- Exercise directions: Apart from the pictures, which must be omitted, restate the data exactly.

- Input data:
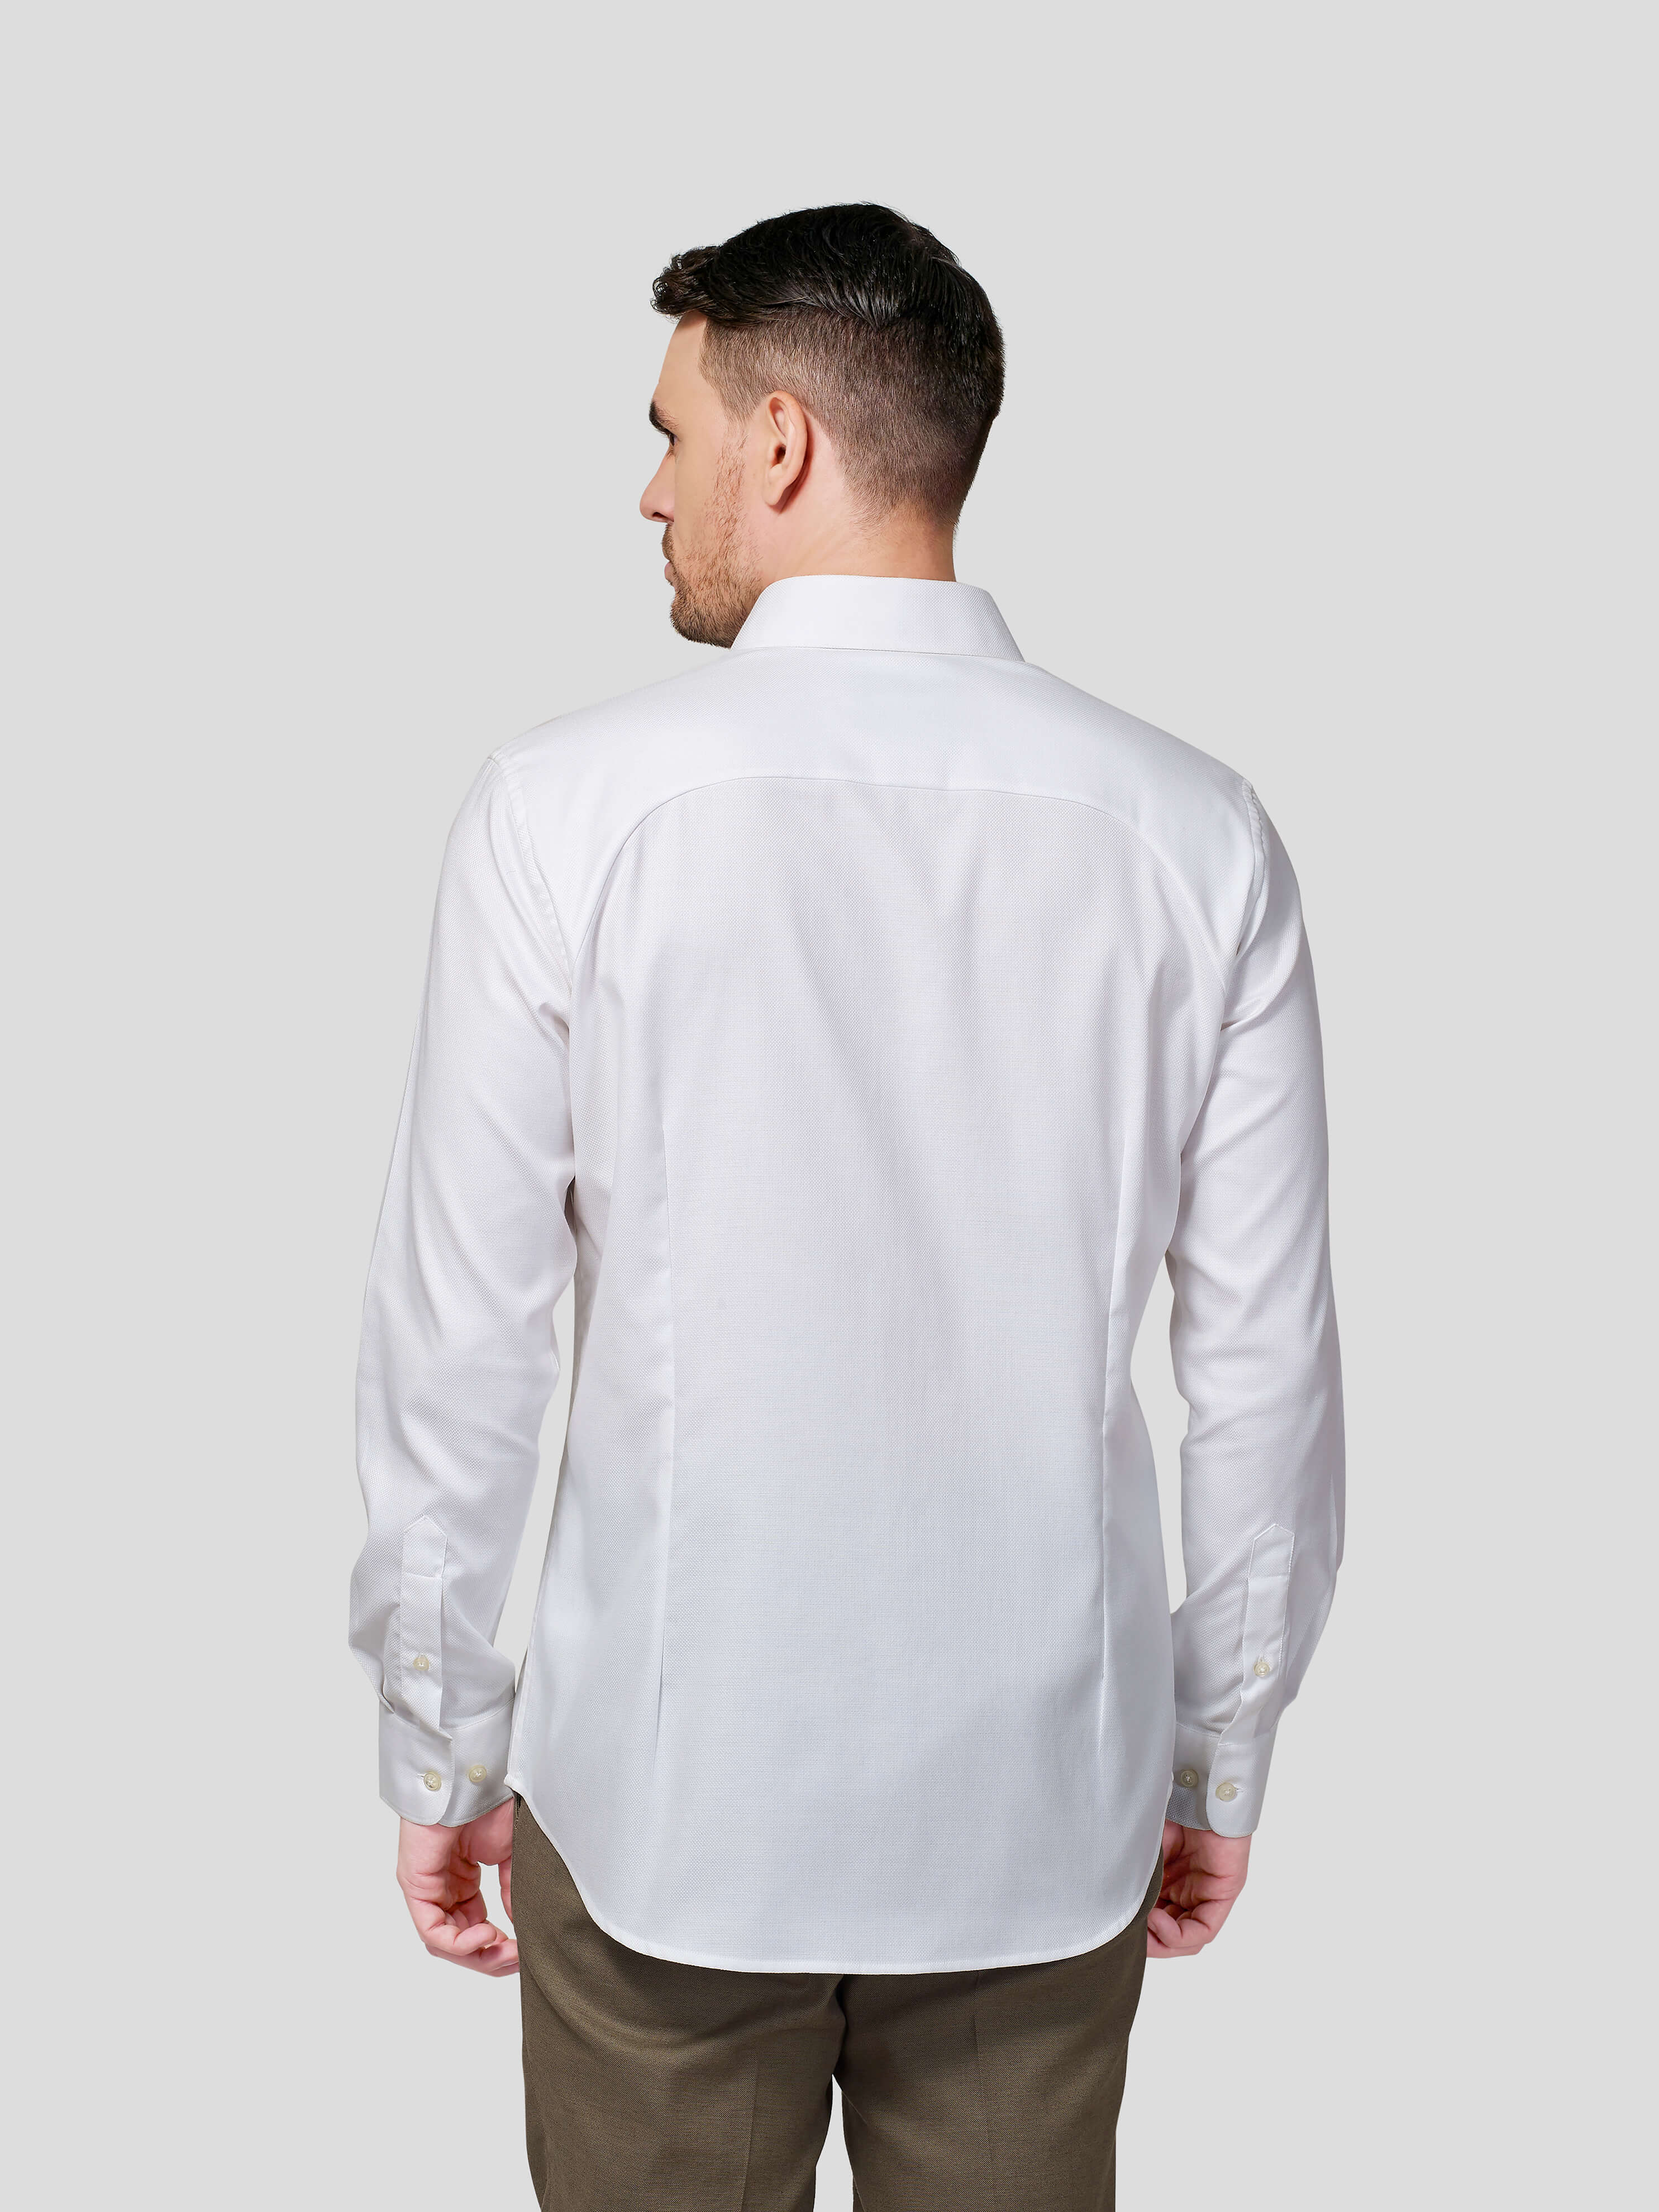 Raglan Shoulder Shirt - Zest Mélange 
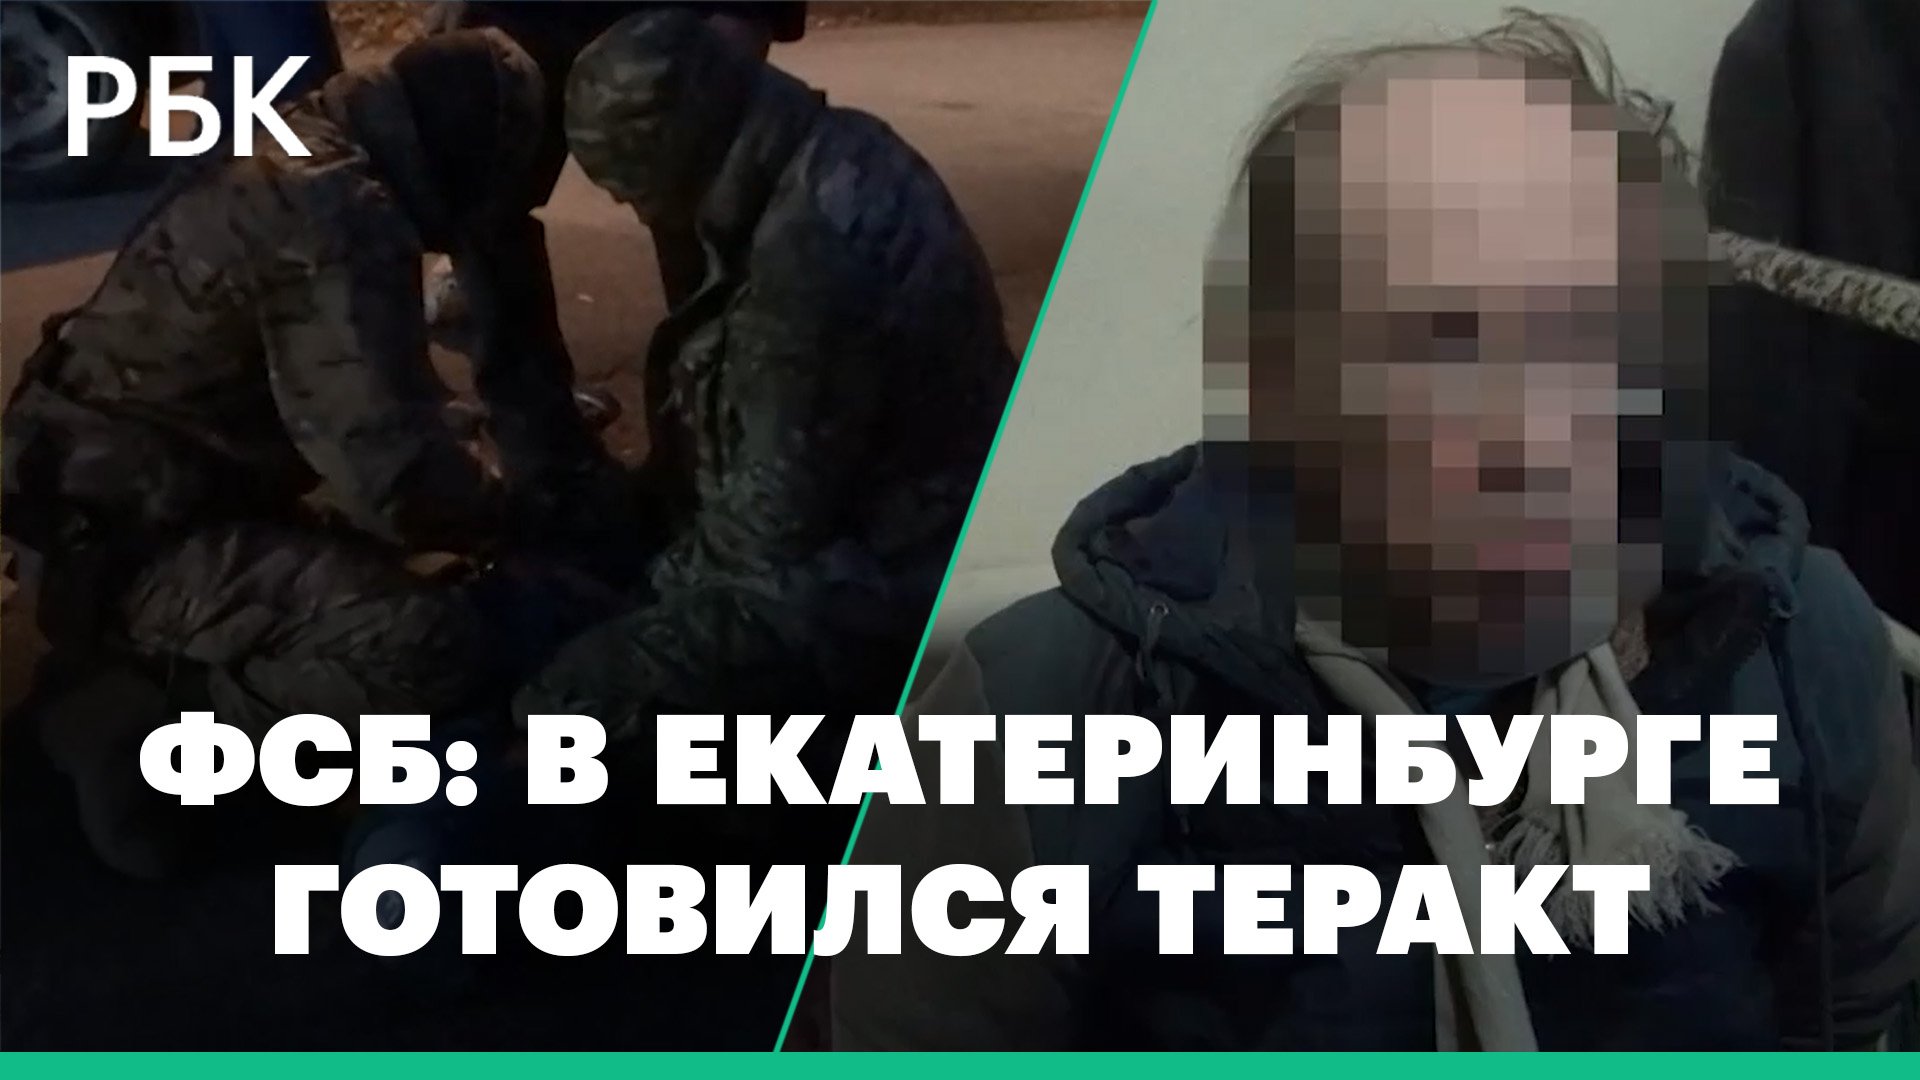 Кадры задержания ФСБ готовившего теракт в военкомате в Екатеринбурге
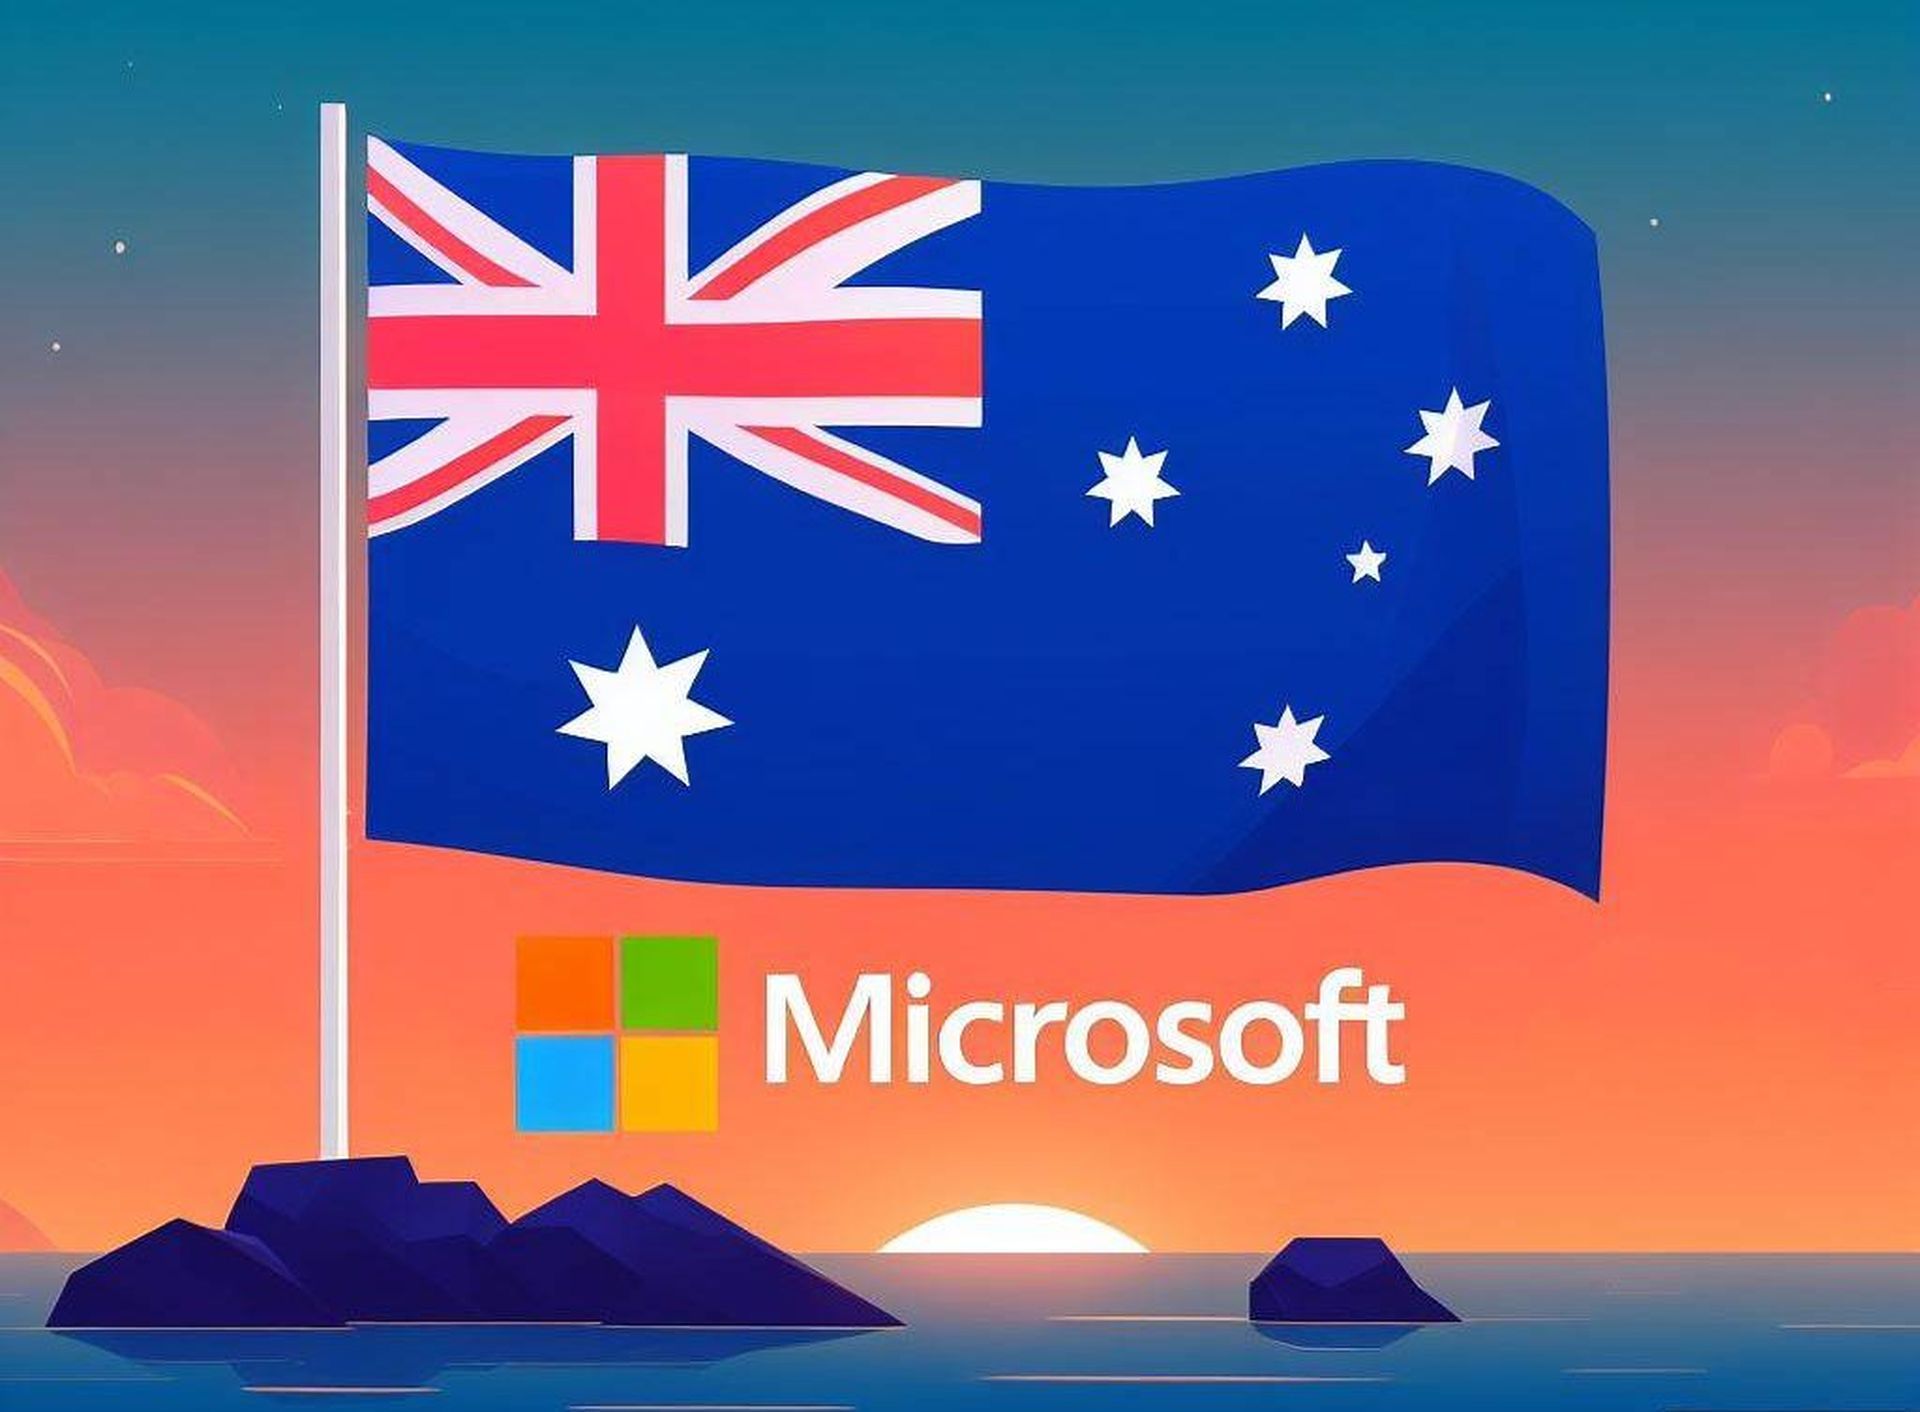 Microsoft Australia

- Result of this exercise:
 Raglan Shoulder Shirt - Zest Mélange 
 Кадры задержания ФСБ готовившего теракт в военкомате в Екатеринбурге
 Microsoft Australia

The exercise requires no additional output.